Judgment role
Why does AI disproportionately aid lower-skilled workers in one study and higher-skilled workers in another? What’s the difference between university debaters and call center employees? We think it relates to judgment, a key ingredient of decision-making, and prediction. The role of each is central in decision theory, a branch of applied probability theory that assigns probabilities to various outcomes (prediction) and values to their consequences (judgment).
Roldán Monés’s results suggest that the disparity between high- and low-ability debaters may be a function of judgment. He finds that the high-ability debaters, when using generative AI, scored particularly well on credibility, rhetoric, and rebuttal. They did not improve in terms of clarity. This suggests that rather than providing a script, the AI tool made suggestions, and the high-ability debaters were better able to identify those that were most promising. This concentrated rewards among high-ability debaters and amplified skill disparity.
In Brynjolfsson’s study of call center agents, by contrast, the key differentiation between high- and low-skilled workers was the ability to predict the best response to a customer. AI was as good as high-skilled agents at such prediction. The judgment involved in estimating the relative cost of different types of mistakes mattered less because this type of judgment was less scarce.
As AI prediction advances, the distribution of judgment will increasingly determine the distribution of wealth and power. Where the difference between high- and low-skilled workers is based on the prediction part of the job, AI will disproportionately benefit lower-skilled workers because AI prediction will substitute for human prediction.
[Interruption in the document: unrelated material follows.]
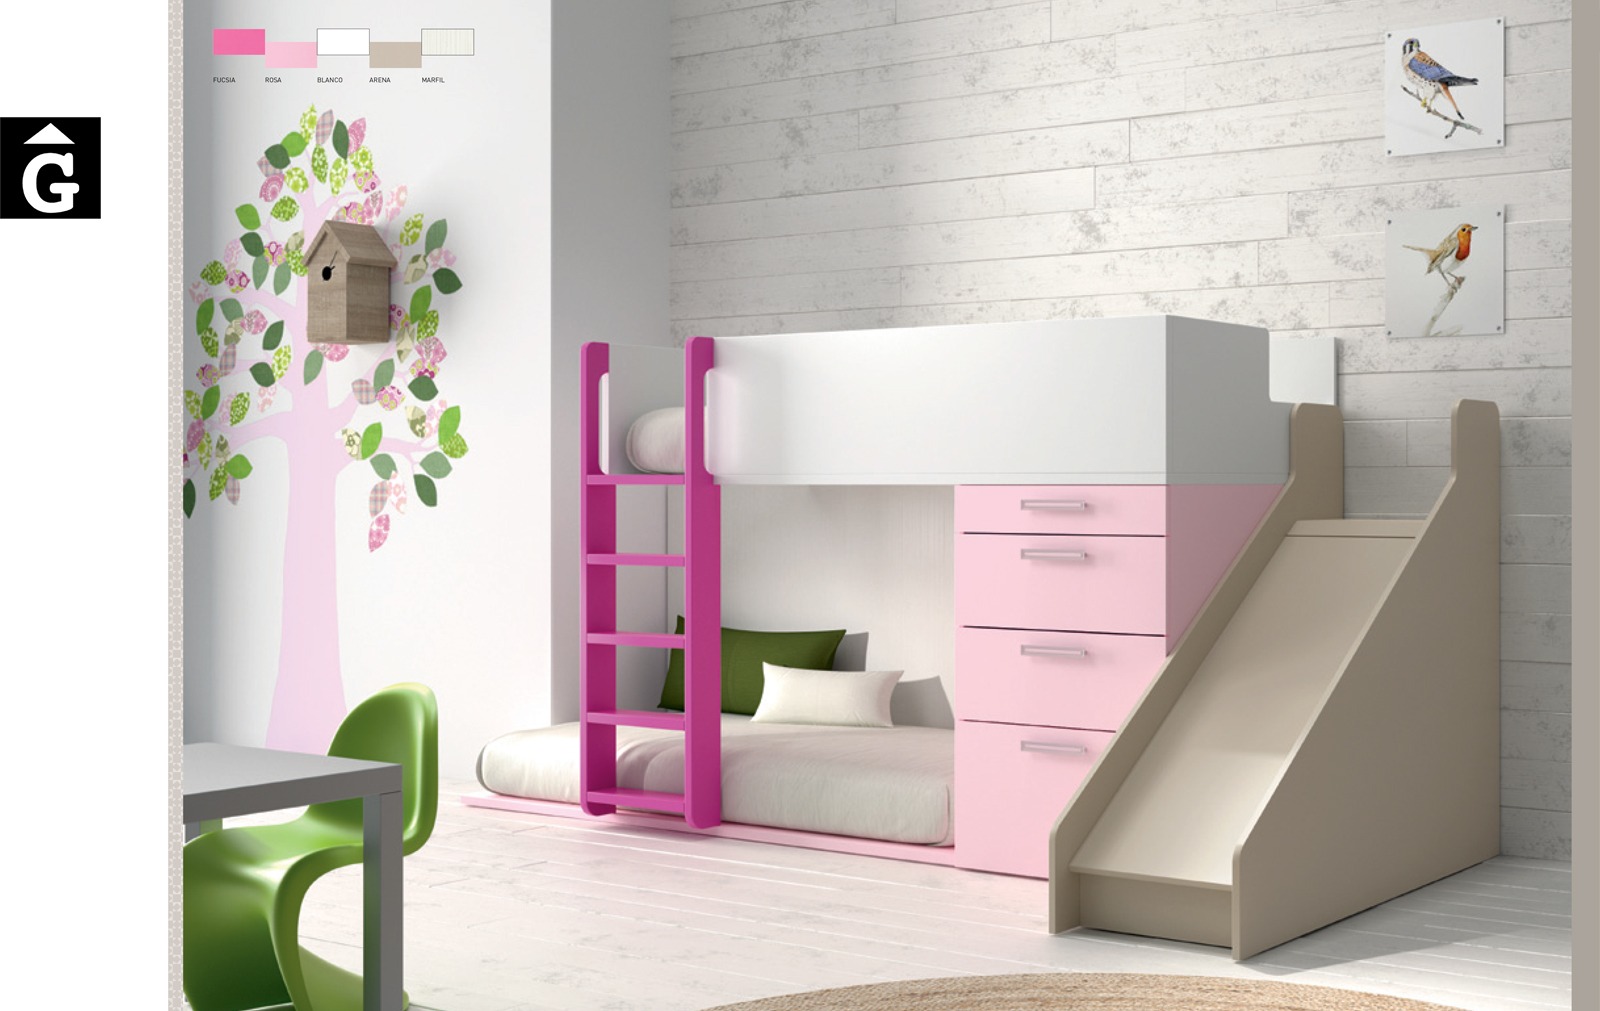 Llitera tobogan rosa-infinity-muebles-jjp-by-mobles-gifreu-llits-de-nado-infantil-juvenil-singel-disseny-actual-qualitat

This will reduce productivity differences and hence income disparity between workers in this industry and, over time, will drive up wages in low-paying places, even if skills are also lower. Back-office and call center wages, for example, may increase in India relative to the US.
But where judgment defines the difference between high- and low-skilled workers, AI will disproportionately benefit those with higher skills. This will widen productivity differences and income disparity between workers in these industries. Labor could shift to places with higher wages that were previously less attractive because the return on higher-skilled workers did not justify the expense. More innovation could move to the US because a greater share of top students attend US universities, and US-based scientists lead in scientific breakthroughs, prizes, publications, and patents.
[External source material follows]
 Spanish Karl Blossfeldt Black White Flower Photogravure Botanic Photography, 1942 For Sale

AI is advancing rapidly, but things like management practices, infrastructure, education, regulations, and customer demand change slowly, which will likely limit the short-term impact of discovering that island of geniuses. In the longer term, however, the impact on the global economy will be significant. Economic stability will hinge on how we manage the transition.
Wealth and power
The geographic distribution of high-stakes, judgment-intensive tasks will alter the distribution of income and power. Regions with more skilled workers, stronger research institutions, and advanced technological infrastructure will likely capture a disproportionate share of economic benefits.
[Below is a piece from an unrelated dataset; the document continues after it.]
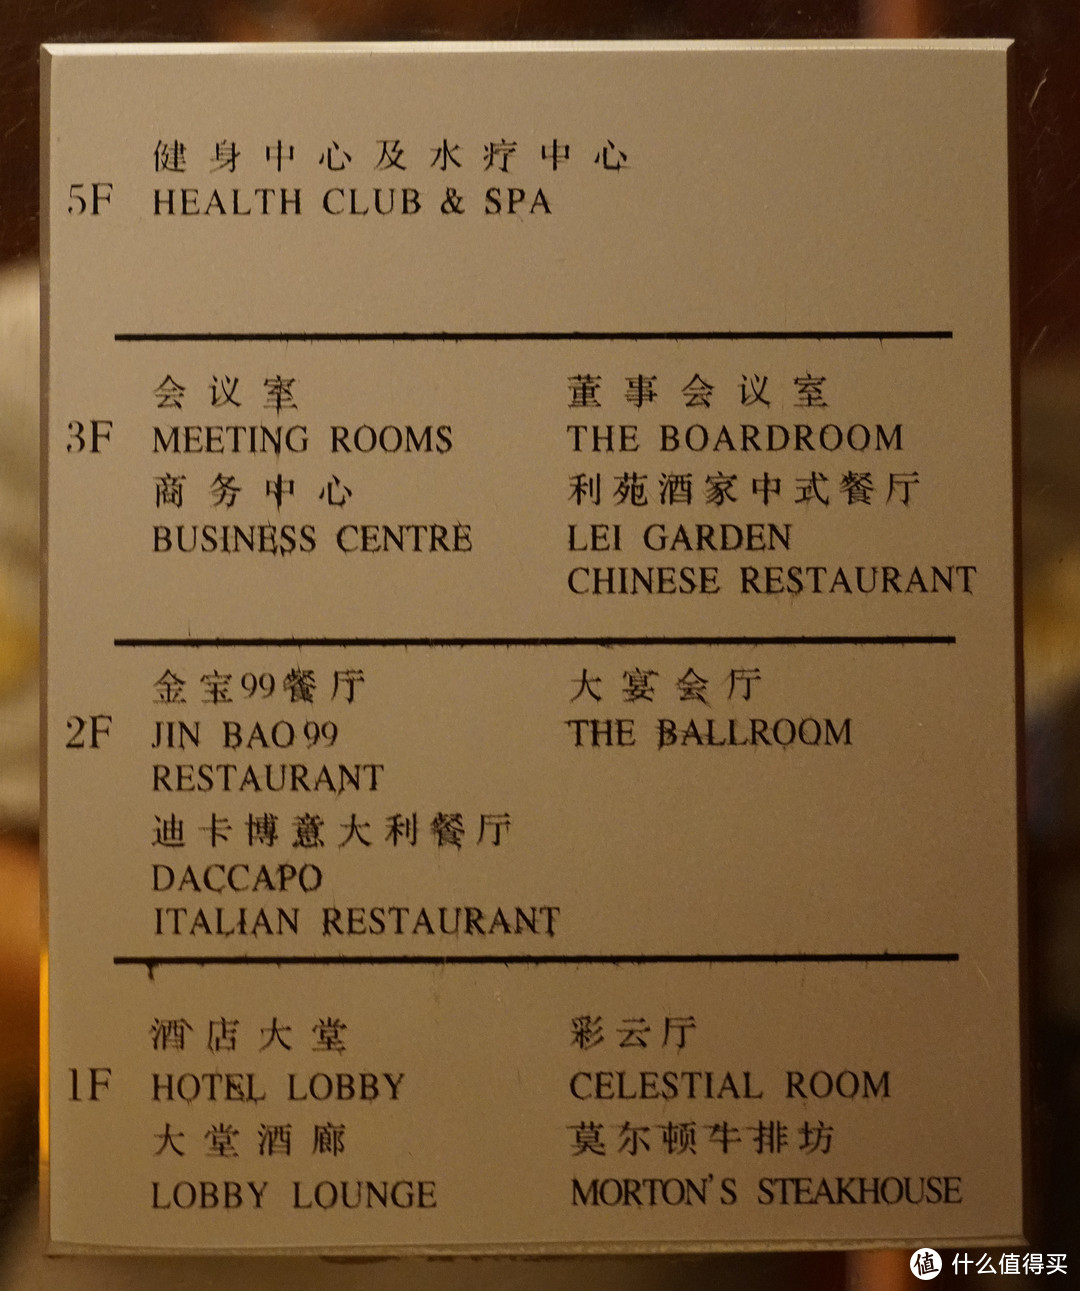 低调奢华 - 北京丽晶酒店 Regent BeiJing 行政房体验——第12期试吃试睡报告

In industries where judgment is highly valuable—such as scientific research, medical treatment, and strategic planning—AI will amplify expert productivity. It will increase these workers’ earning potential and reinforce the dominance of innovation hubs. But industries such as customer service, where predictive ability differentiates workers, may experience a shift in jobs toward lower-wage regions, which will reduce income disparity.
If AI’s impact on high-value, judgment-intensive tasks outweighs its equalizing impact on low-stakes, prediction-intensive tasks, global economic inequality will deepen. The result could be even greater concentration of wealth and influence in a few select cities or countries that attract top talent.
High-income regions with strong AI ecosystems, including parts of the United States, Europe, and Asia, may experience greater return on human capital with the requisite judgment skills. Other regions risk being left behind. The long-term consequences could include growing disparity in technological leadership, research funding, and geopolitical influence. Moreover, more sophisticated AI may redefine which forms of judgment remain scarce, further shifting the balance of power, depending on which regions adapt their workforce to emerging needs.
Policymakers can help in three important ways.
To sharpen judgment, policymakers could expand access to high-quality education and training that emphasizes complex decision-making skills, ensuring that more people in different regions develop the judgment needed to complement AI.
Policymakers could promote global talent mobility and knowledge exchange, ensuring that the judgment necessary for the best use of AI is distributed more broadly across economies rather than confined to a few dominant regions.
Finally, policymakers could create incentives to spread the ability to generate valuable AI predictions beyond traditional power centers through funding, infrastructure, and AI adoption incentives. This would shape the distribution of AI’s benefits and foster more balanced economic growth in the long run.
Measures like these will help manage the transition and maximize AI’s benefits while mitigating its risks. Computer scientists raced ahead to develop the technology, which continues to advance at a rapid pace. Now economists must catch up. We must guide policymakers with research on how best to manage the AI transition. This will increase the chances of policy steering the world toward a future of global stability and prosperity—not the alternative.
Editor’s Note (June 16, 2025): This article has been updated to remove references to “Artificial Intelligence, Scientific Discovery, and Product Innovation” by Aiden Toner-Rogers, a paper that MIT has said should be withdrawn from public discourse because it has no confidence in the research.